Liberating Being from hierarchy and liberating reason from superstitious judgment, Spinoza created a radical ontological and epistemic modesty, respectively. These two “levelings” are the prerequisites of democracy. Without a way to judge between human beings, all views must be taken seriously into account. Without a way to decide outside of human reason on the best course of action, even on the interpretation of scripture, we must suspend a priori decisions. Whether we get together to interpret scripture or decide on the best way to share water resources, we must come without a priori foolproof criteria but rather with a humbleness befitting a flat plane.

Would the Muslim Spinoza please stand up

These deeply monotheistic ideas have surely been adopted by some, perhaps obscure, Muslim Spinoza somewhere. The words used to refer to God and Unity are the same in Arabic and Hebrew, echad and ahad, and the Quran continually reminds believers of Unity and Oneness, wahed and ahad.
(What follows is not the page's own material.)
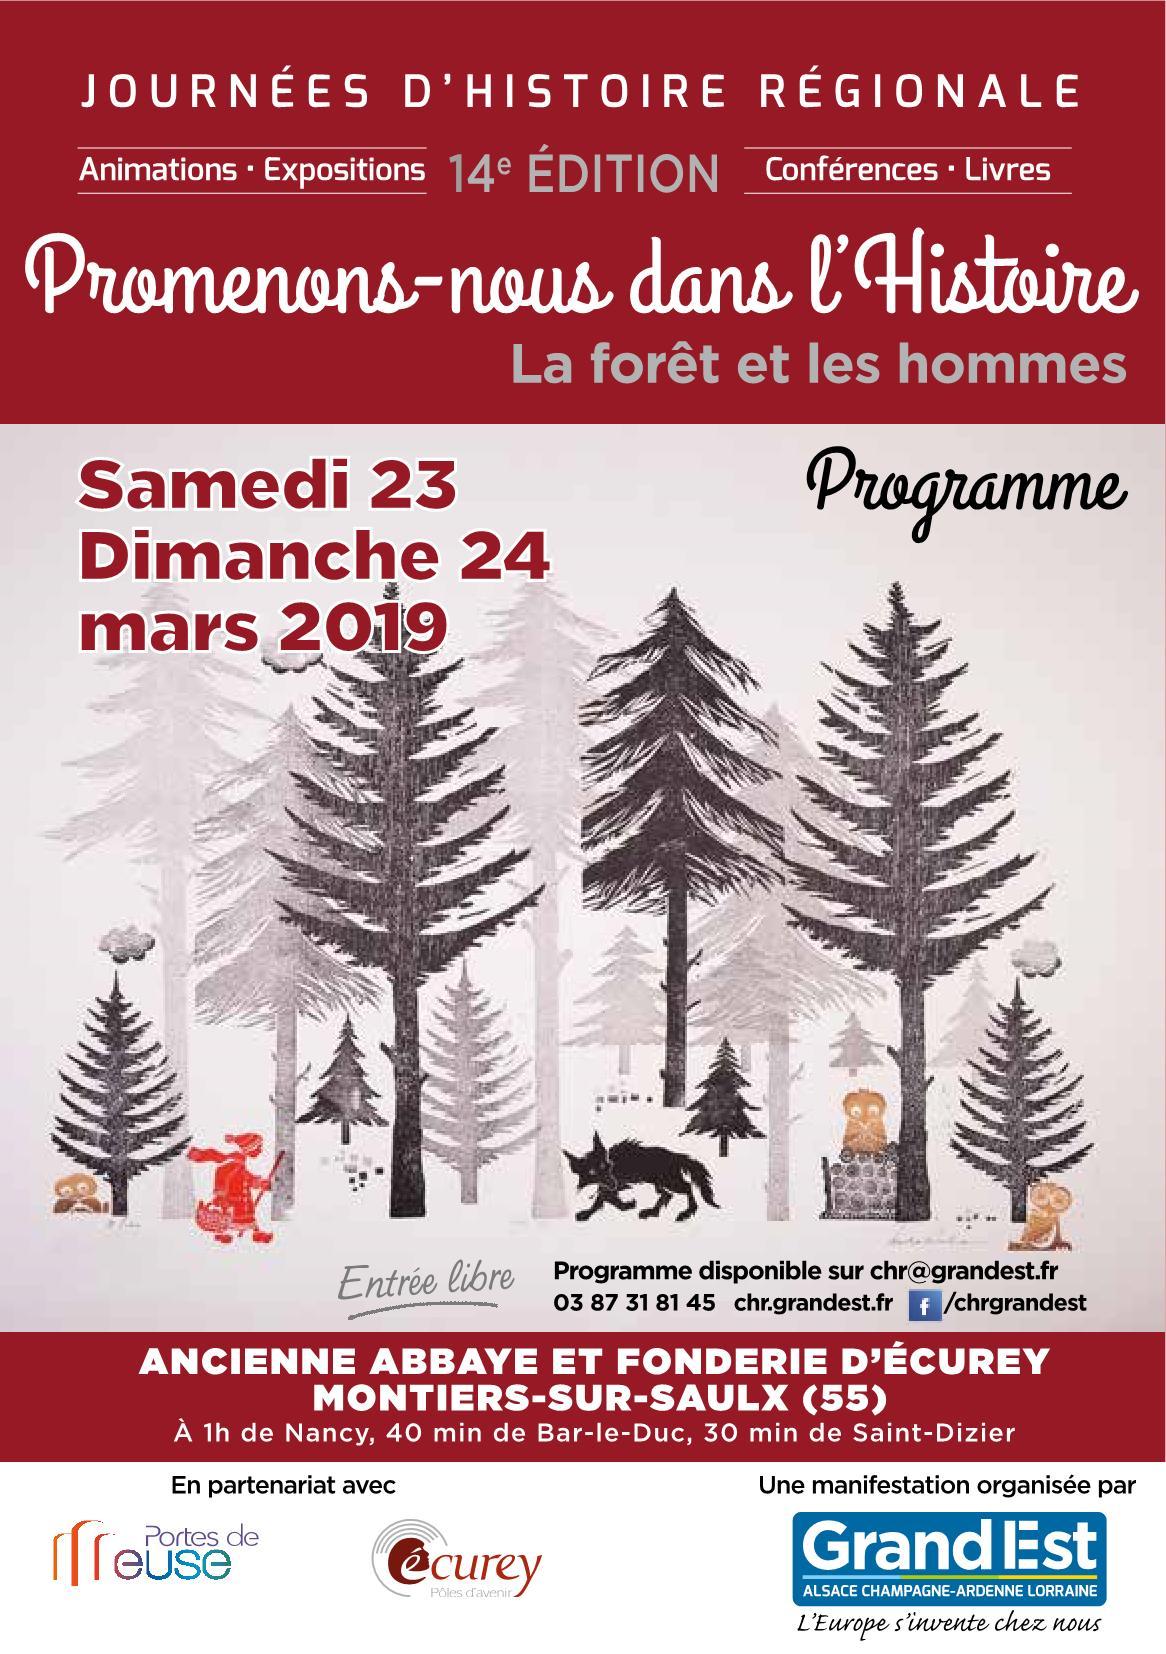 Journées d'Histoire Régionale Programme 2019

Moreover, the Muslim Spinoza would have noted the Quran repetition of the definite article of one-ness before every imaginable noun that refers to judgment, rule, ownership, decision, vengeance, retribution, etc. If only The One can “judge,” “rule,” “decide,” “avenge,” humans must be humble in their proclamations on good and evil, usefulness and harmfulness. The “experts” could name 99 such attributes, the dimensions of Being inaccessible to human kind. The Muslim Spinoza would also limit our knowledge to the two attribute-dimensions of extension and mind, and there only imperfectly.

The Muslim Spinoza would preach a simple maxim:

Less ‘allah akbar’ and more ‘allah a’lam,’ less “God is great” but more “what do I know.”
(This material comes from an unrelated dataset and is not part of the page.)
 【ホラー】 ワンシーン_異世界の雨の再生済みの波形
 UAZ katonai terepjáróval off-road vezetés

Writing in Victorian England, in a book called Flatland, Edwin Abbott Abbott illustrated a Spinozist humility through a two-dimensional world of simple geometric figures. In such a world, the gradual entry of a sphere from a third dimension would first look like a point, then a circle of increasing diameter, then a circle of decreasing diameter and again a point as it disappeared into the “other side.” Read in a Spinozist sense, we earthly Flatlanders are all equally blind to dimensions (attributes) beyond our surface, beyond our world. If we are so limited by our very habitat and know so little about the outside universe, what sense does it make to take the results of an election so seriously, let alone to drop bombs on one another or blow ourselves up over political, economic or religious quarrels – whose solutions we could very well be mistaken about.
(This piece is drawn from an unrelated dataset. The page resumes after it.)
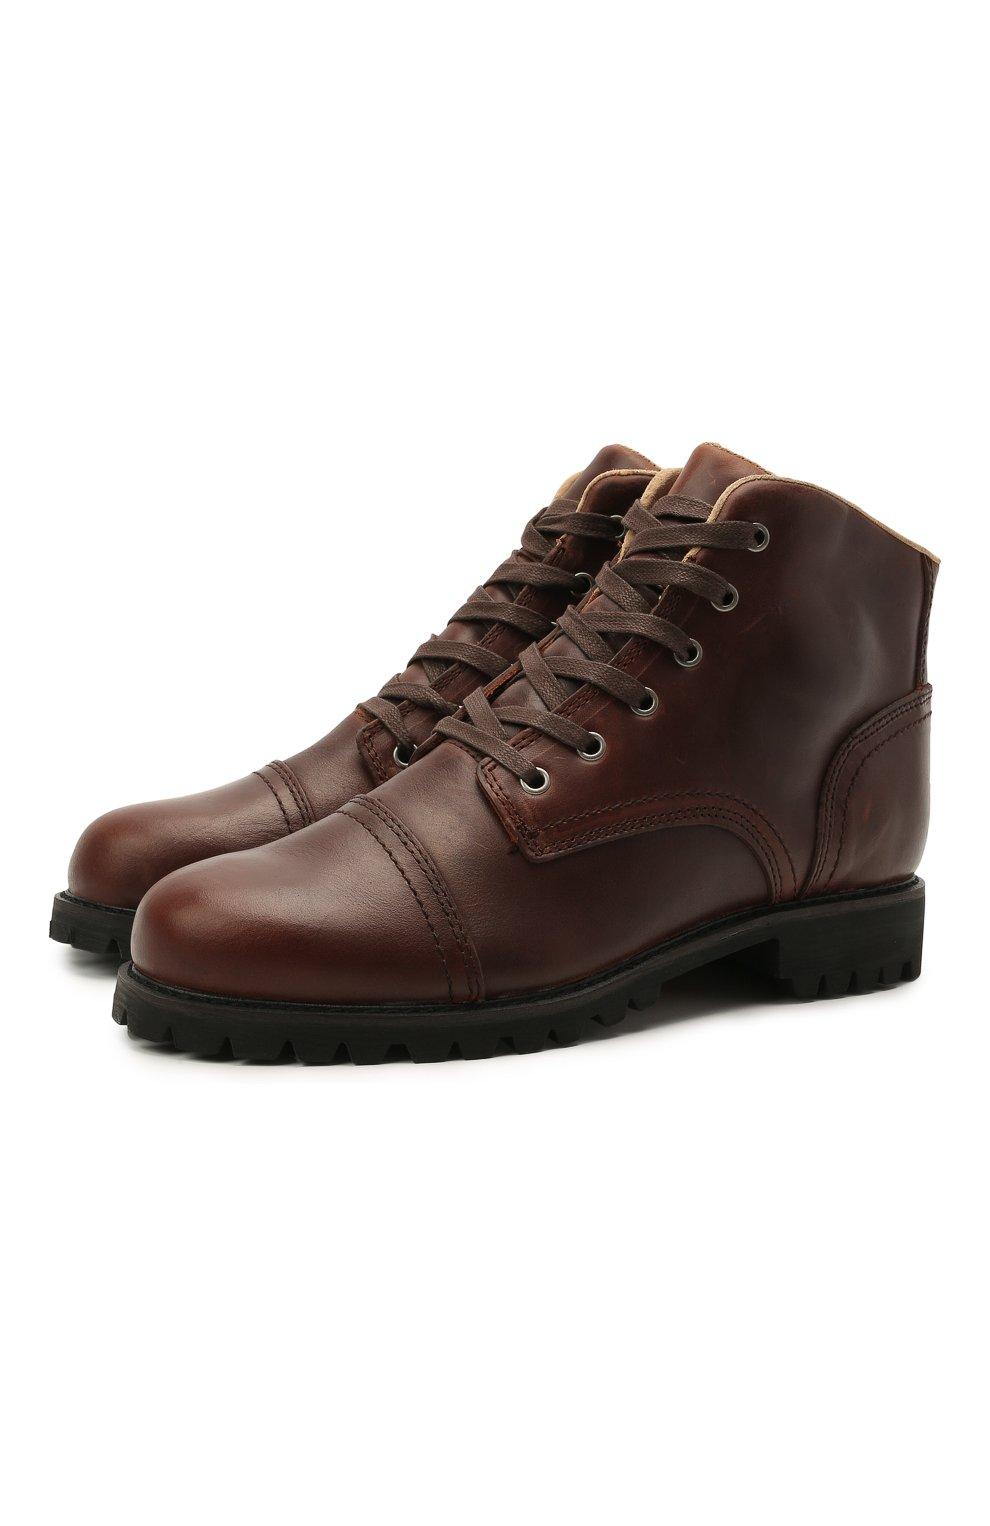 Мужские кожаные ботинки HARLEY-DAVIDSON коричневого цвета, арт. D93714 | Фото 1 (Мужское Кросс-КТ: Ботинки-обувь; Материал внутренний: Натуральная кожа; Подошва: Плоская)

No, neither the Reformation, nor the Enlightenment, nor the separation of church and state made living peacefully in a democracy possible, but rather the theologico-political ideas of a modest Sephardi who polished lenses for a living. His singularly monotheistic ideas would make a difference today in Libya, Egypt, and Iraq. And, it seems, that same ontological and epistemic humility in his philosophy could equally serve well in places like Wisconsin, Texas, and Florida. At any rate, living on a flat sphere, whichever direction an idea travels, it inevitably makes its way around and back again, by mere geometry without aid of a boomerang.

In other words, as far as ideals are concerned, the danger to democratic regimes might not be (Jewish, Christian, Muslim) fundamentalism, but inconsistent (Jewish, Christian, Muslim) fundamentalists. But what do I know?

One comment on “The Mideastern Roots of Modern Democracy

  1. keithsutherland
    2013-12-03

    Hmm, I didn’t realise Spinoza was so widely read during the 18th century. Post hoc ergo propter hoc?